Based in Cambridge, Massachusetts, Decoy Therapeutics Inc. is an early-stage biotechnology firm dedicated to tackling critical unmet medical needs. The company employs cutting-edge machine learning and AI technologies, alongside accelerated synthesis methods, to swiftly design, engineer, and manufacture innovative peptide conjugate drug candidates.

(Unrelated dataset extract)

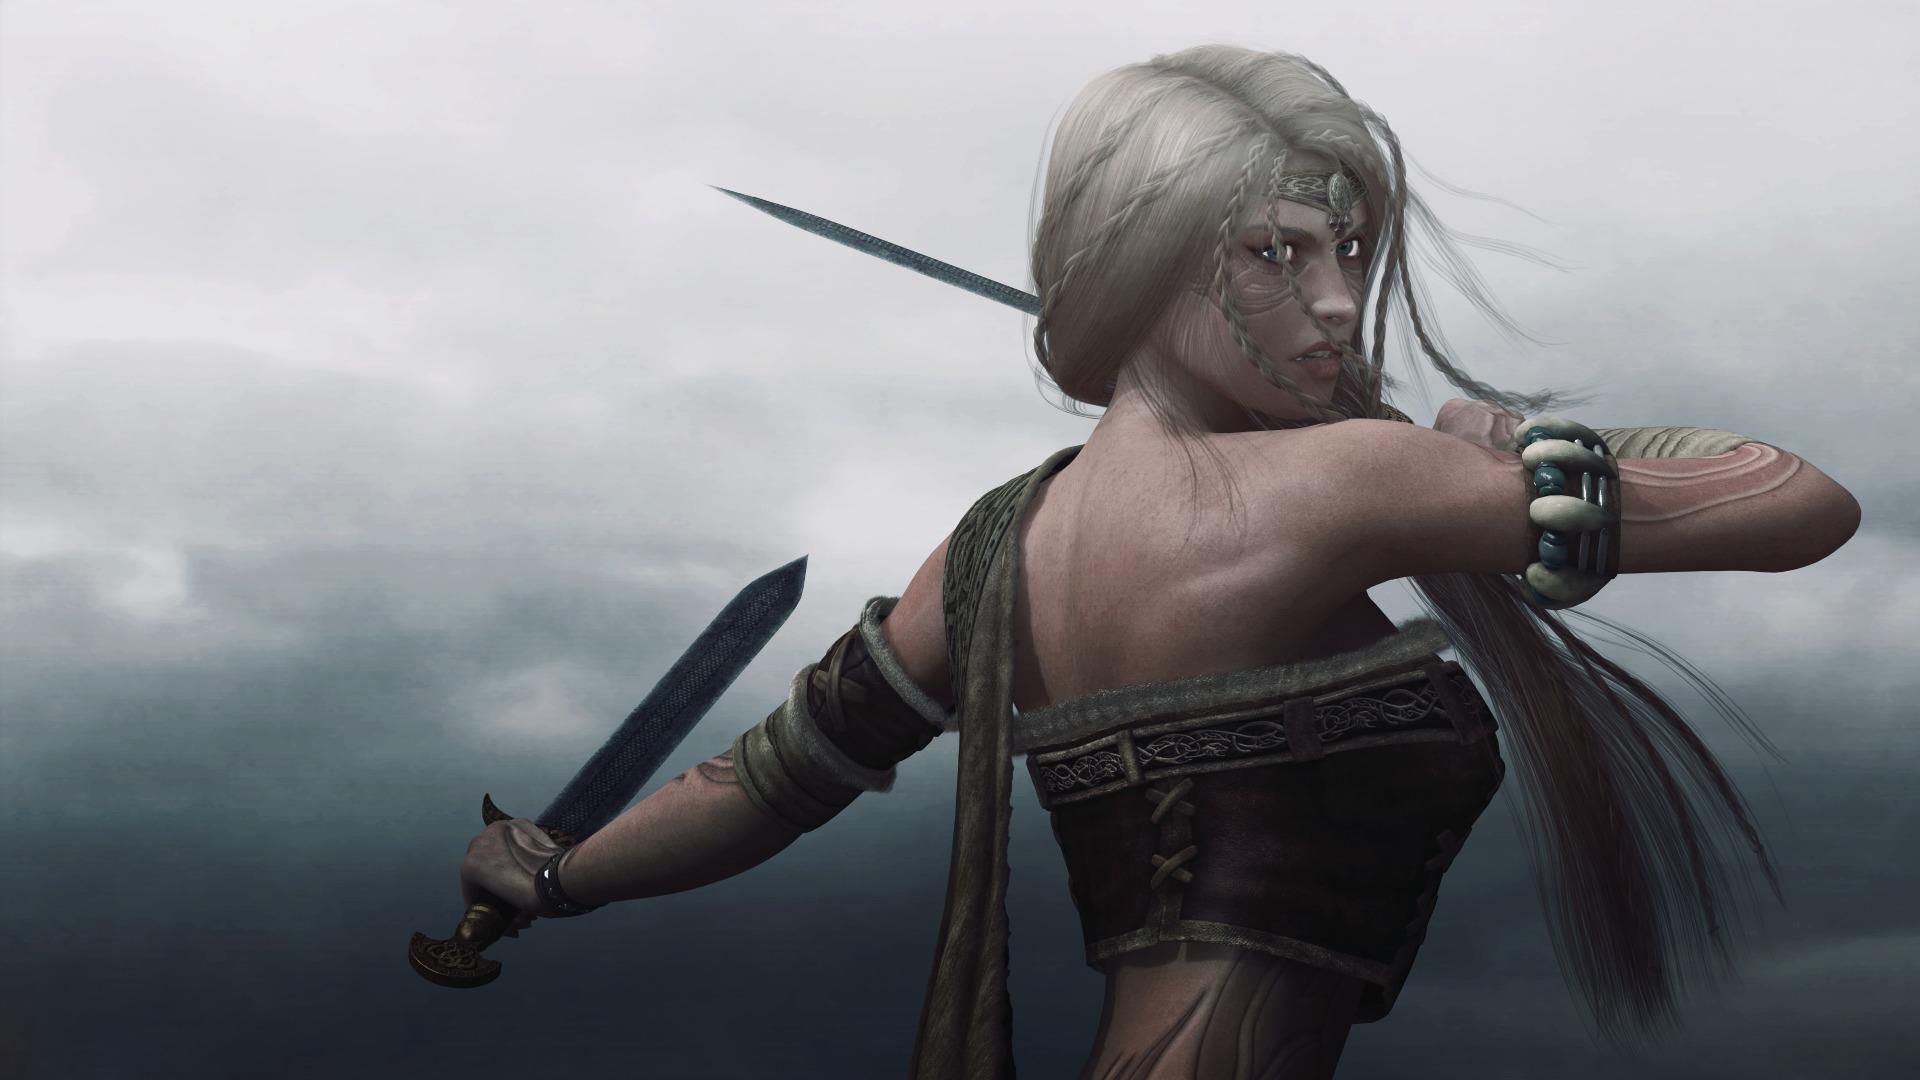 Fantasy woman warrior full hd wallpaper and background image fantasy women warrior fantasy woman girl warrior dagger wallpaper voltagebd Images

Galmed Pharmaceuticals Ltd. is a clinical-stage biopharmaceutical firm dedicated to developing therapies for liver diseases. Its primary pipeline candidate is Aramchol, an orally administered drug currently undergoing Phase III clinical trials. This pivotal study is for the treatment of non-alcoholic steato-hepatitis (NASH) in individuals who are overweight or obese and also present with pre-diabetes or type 2 diabetes. Aramchol is also being investigated in the Phase IIa ARRIVE Study, which targets HIV-associated non-alcoholic fatty liver disease and lipodystrophy. Beyond Aramchol, the company is developing Amilo-5MER, a synthetic peptide composed of five specific amino acids: methionine, threonine, alanine, aspartic acid, and valine. Galmed has established several strategic collaborations, including: A research agreement with Gannex Pharma Co., Ltd. to develop a combination therapy for NASH, merging ASC41 (a THR-beta agonist) with Aramchol (an SCD1 inhibitor). A research and development partnership with MyBiotics Pharma Ltd. to identify specific microbiome profiles linked to how patients respond to Aramchol. A licensing agreement with Samil Pharma. Co., Ltd. for the commercialization of Aramchol in South Korea. Galmed Pharmaceuticals Ltd. was founded in 2000 and is based in Tel Aviv, Israel.